Collected material: Begin

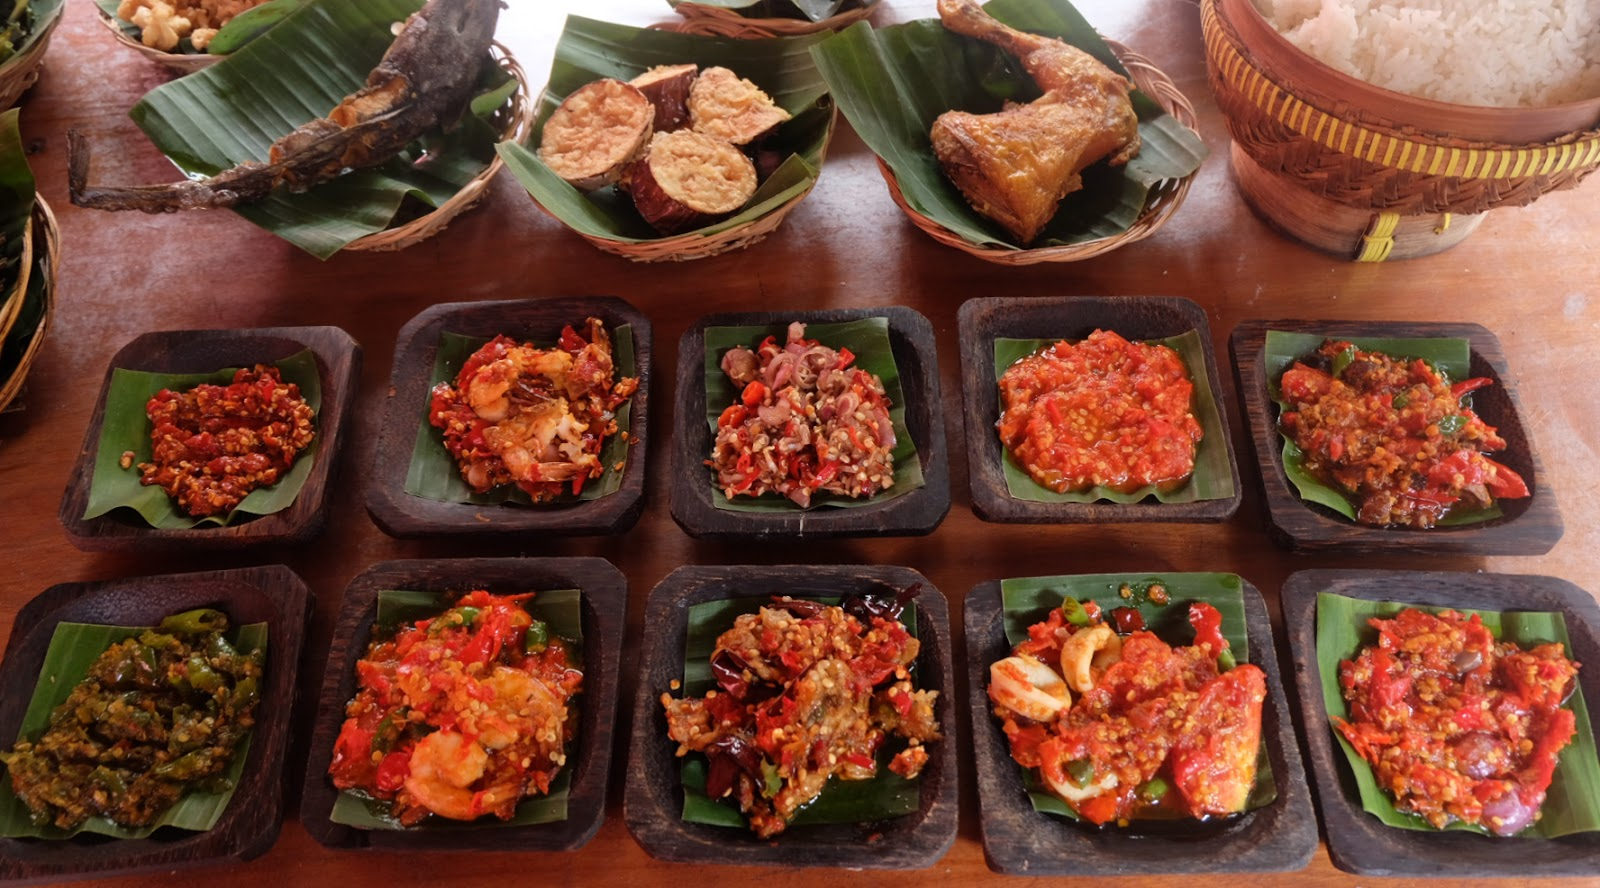 orang indonesia unik suka makan sambal
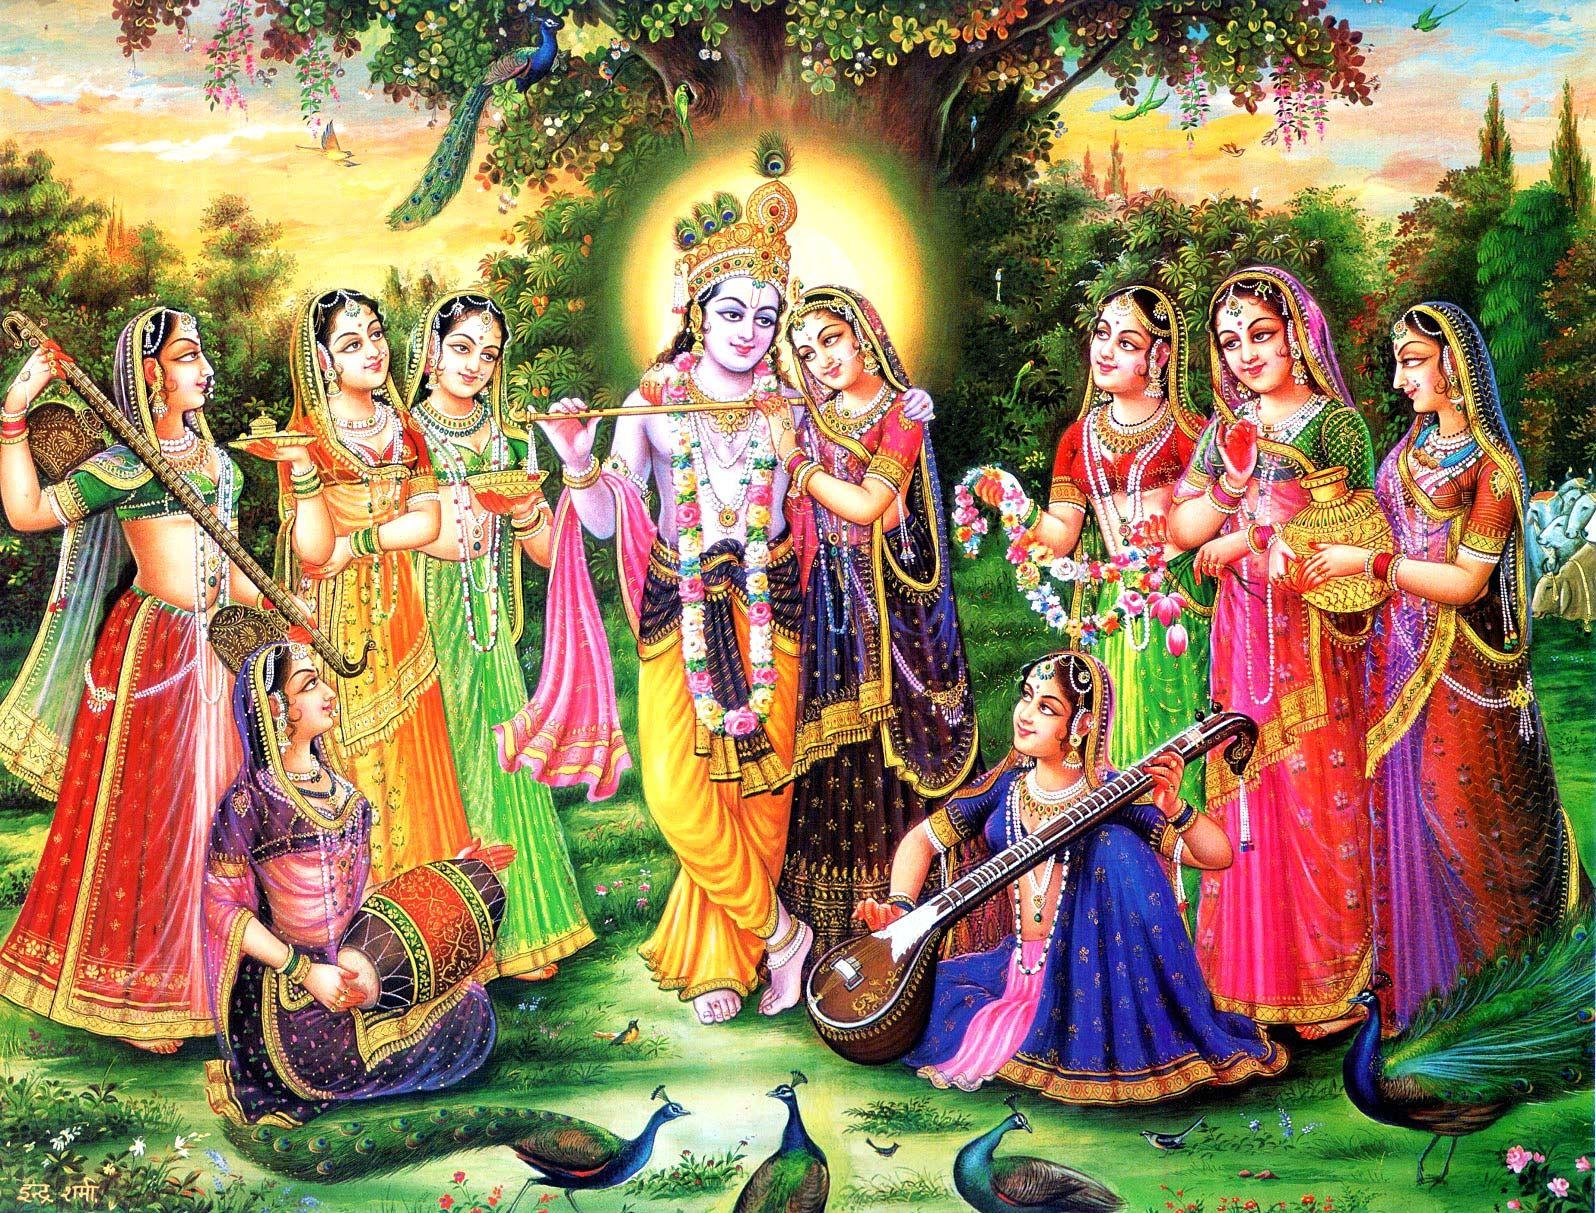 Wallpaper download bhakti - Free Download Lord Krishna Wallpapers
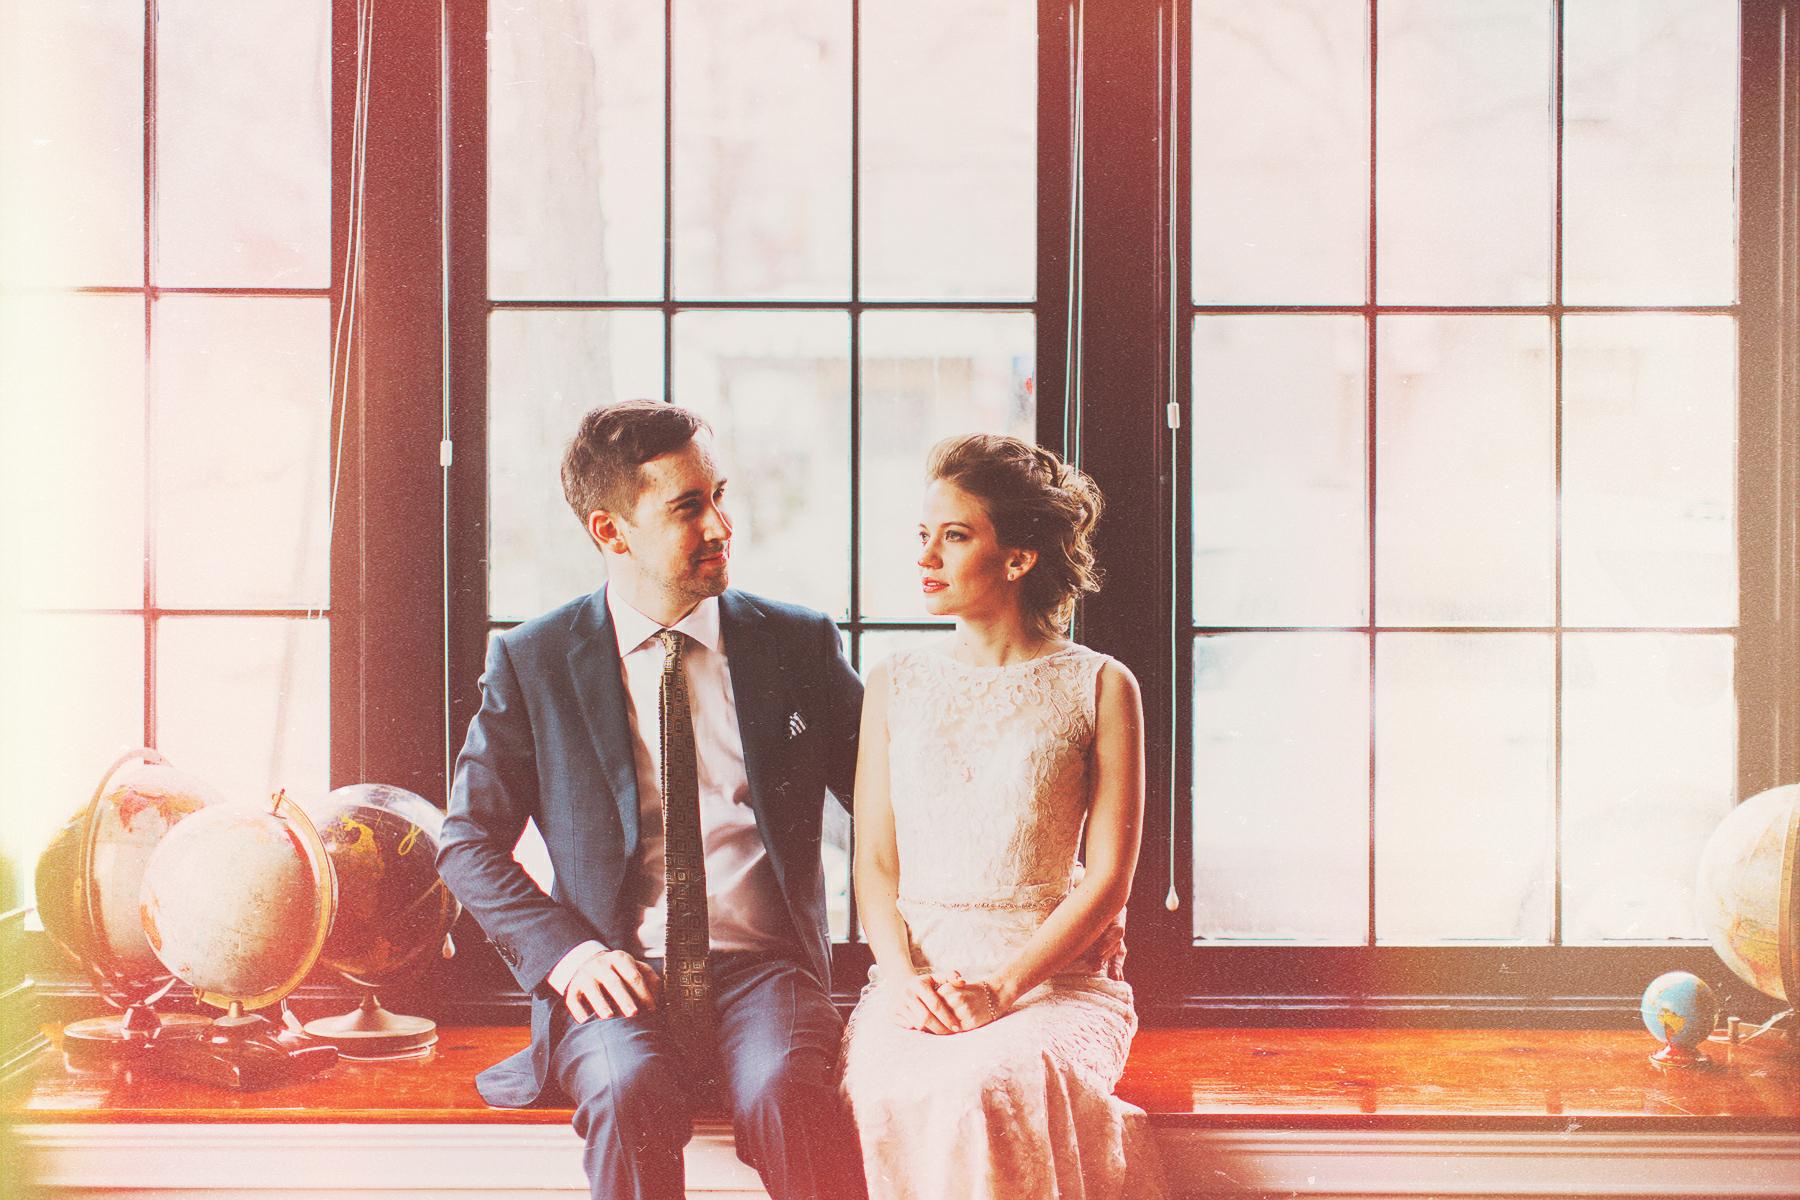 washington dc photography studio wedding photos
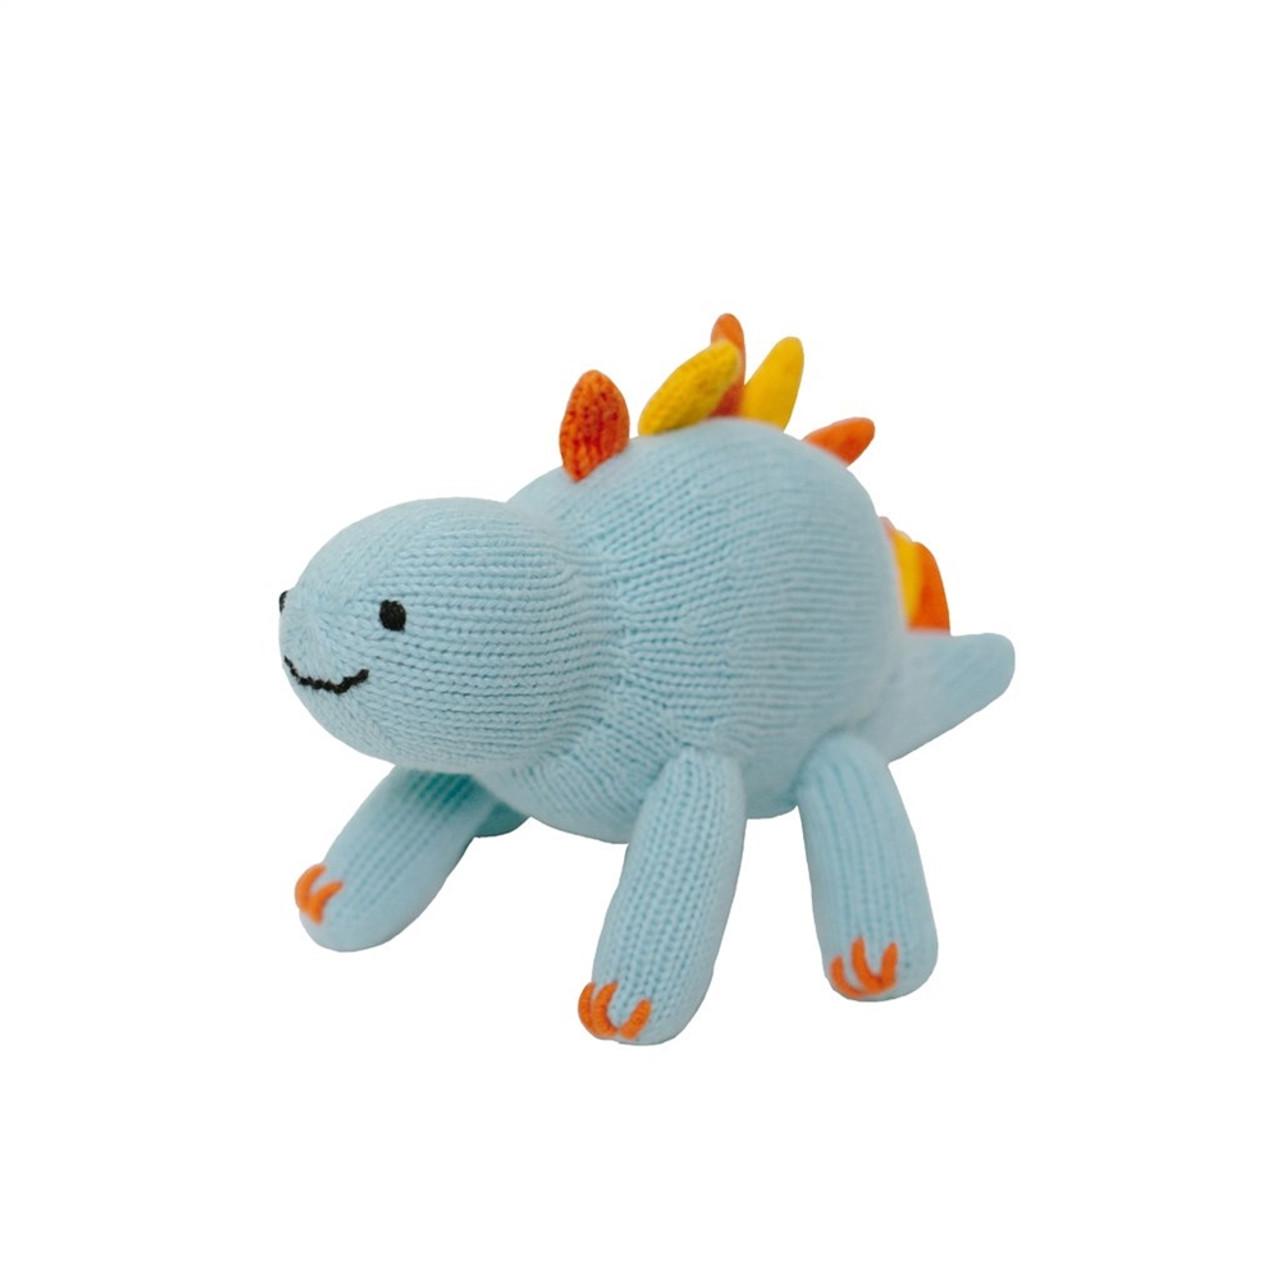 Handmade Dinosaur Toy - Stegosaurus

Collected material: End

Everything in the listing should be repeated exactly except the pictures.

**Problem solution**:
 orang indonesia unik suka makan sambal
 Wallpaper download bhakti - Free Download Lord Krishna Wallpapers
 washington dc photography studio wedding photos
 Handmade Dinosaur Toy - Stegosaurus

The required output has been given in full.